今年,自初夏的醺風到仲秋的襖熱,幾場名畫展如向日葵在台北大都會綻放。我化身為一隻尋蜜的蜂,對畫作的讚嘆,化為我飽吸的心靈蜜汁。
從故宮北院的「大都會博物館名畫展」到英國光之畫家「威廉·透納」特展,我跟著展開了跨世紀的光影追逐。
透納,把我領到印象派之父──莫內的面前。傳說年輕的莫內一路追逐光。他在羅浮宮看見透納的迷濛:薄霧、落日、色塊輕輕推移。於是,他以更自由的筆觸捕捉瞬間,讓視覺在畫布上跳出一段段即興的芭蕾。
印象派的誕生:模糊與自由
印象派的誕生始於他創作《印象,日出》——天光、晨霧與海洋連成一氣,丹紅的太陽凝神於畫布上。前景撐槳的船夫,與遠方模糊的船影相互映照,巧妙地留給觀賞者填補細節的自由。「印象派」之名,因此畫而生。

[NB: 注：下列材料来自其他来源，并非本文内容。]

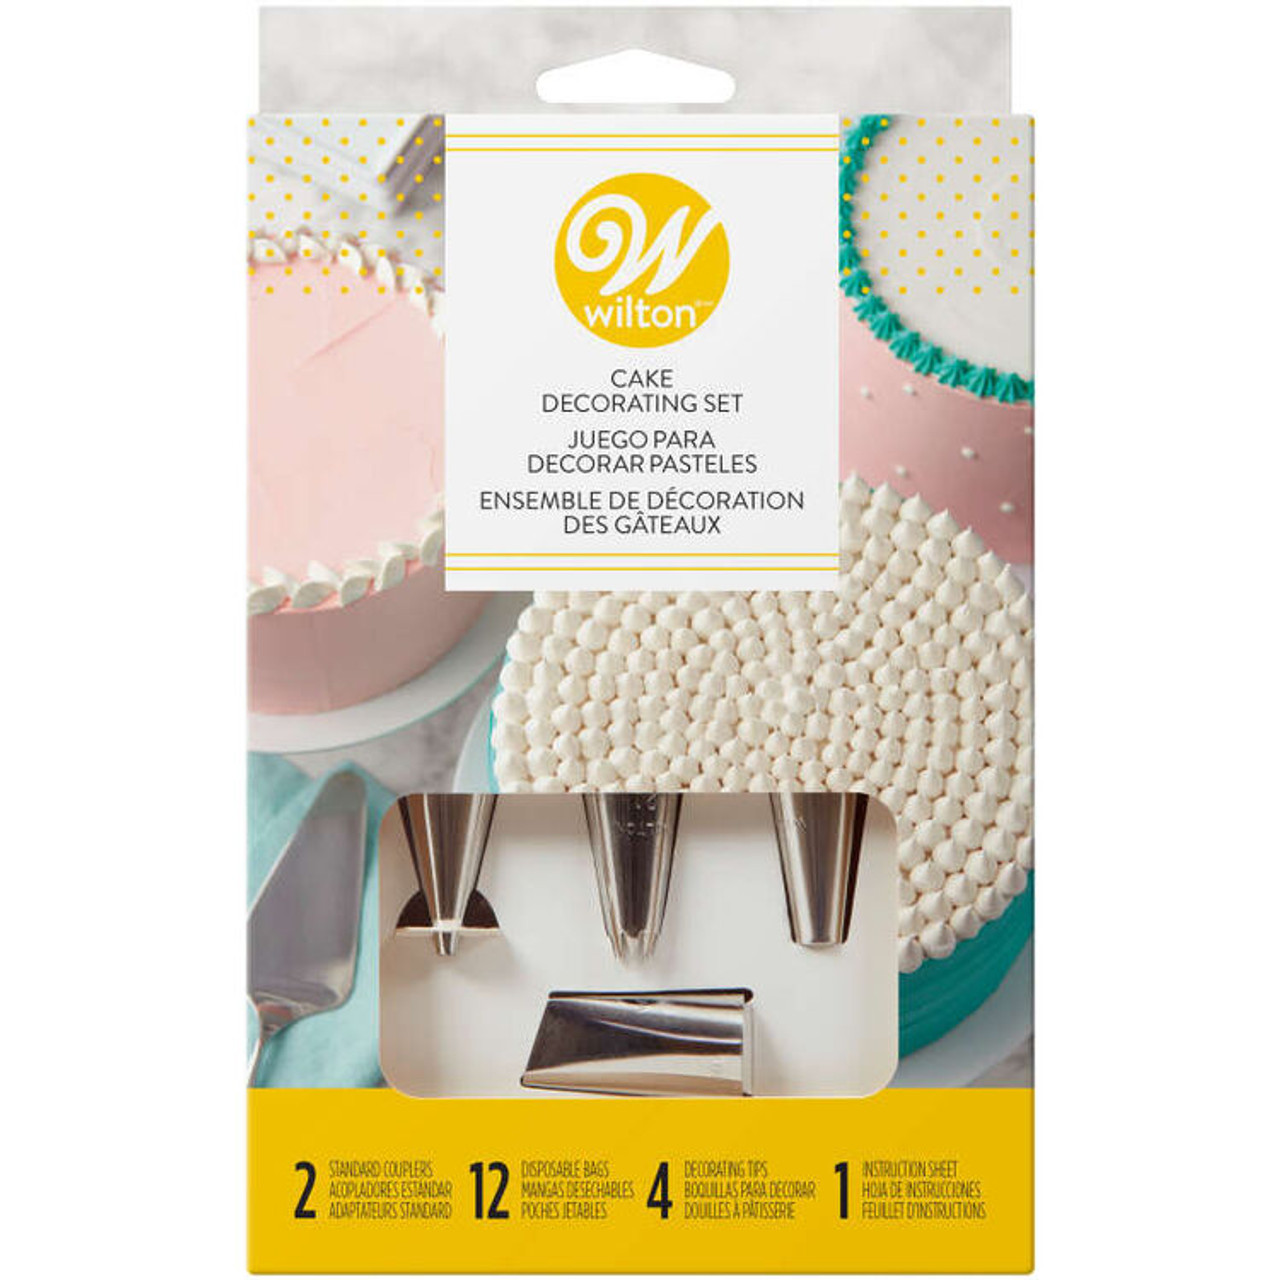 https://cdn11.bigcommerce.com/s-w8h1g5/images/stencil/1280x1280/products/12979/35392/2104-5840-Wilton-Cake-Decorating-Set-with-Piping-Tips-Decorating-Bags-Couplers-and-Instructions-18-Piece-M__59246.1652593342.jpg?c=2

台北展出的這幅《睡蓮》,屬於莫內晚年的寧靜。水藍的霧氣輕覆整個畫面,荷葉安安穩穩躺在左下方,兩點粉紅是它的呼吸。這份沉靜,不是青年時的炫目,而是歲月沉澱後的自在
美術館一大面牆的復刻畫,放大了池畔與拱橋的風景,色彩飽滿熱鬧,像在平日裡兀自綻放的節慶花火。


睡蓮:觀照自我的倒影
我憶起那段每年盛夏,與好友相約在植物園池畔賞蓮的日子。那時青春的笑鬧,像紅豆牛奶冰一樣冰鎮著暑氣。如今我們各自成家,賞蓮的閒情逸致不再。通訊軟體短短幾字,是各自安好的證明,卻無法承載她先生中風後,她那份走不開的牽掛。
日前再次經過荷花池,荷花不再,倒是幾朵睡蓮歪斜地飄浮在偌大的盆裡。我藉莫內的眼進入畫裡的蓮花池,卻同時感知自己曾經的歲月。一場畫作的夢幻芭蕾舞,真實在我眼前展開。
蓮花總能帶領人明心見性。即使是睡蓮,也能觀照出自我內心的模樣。
這份沉靜,是歲月經由莫內的畫筆,為我們留下的最溫柔的解答。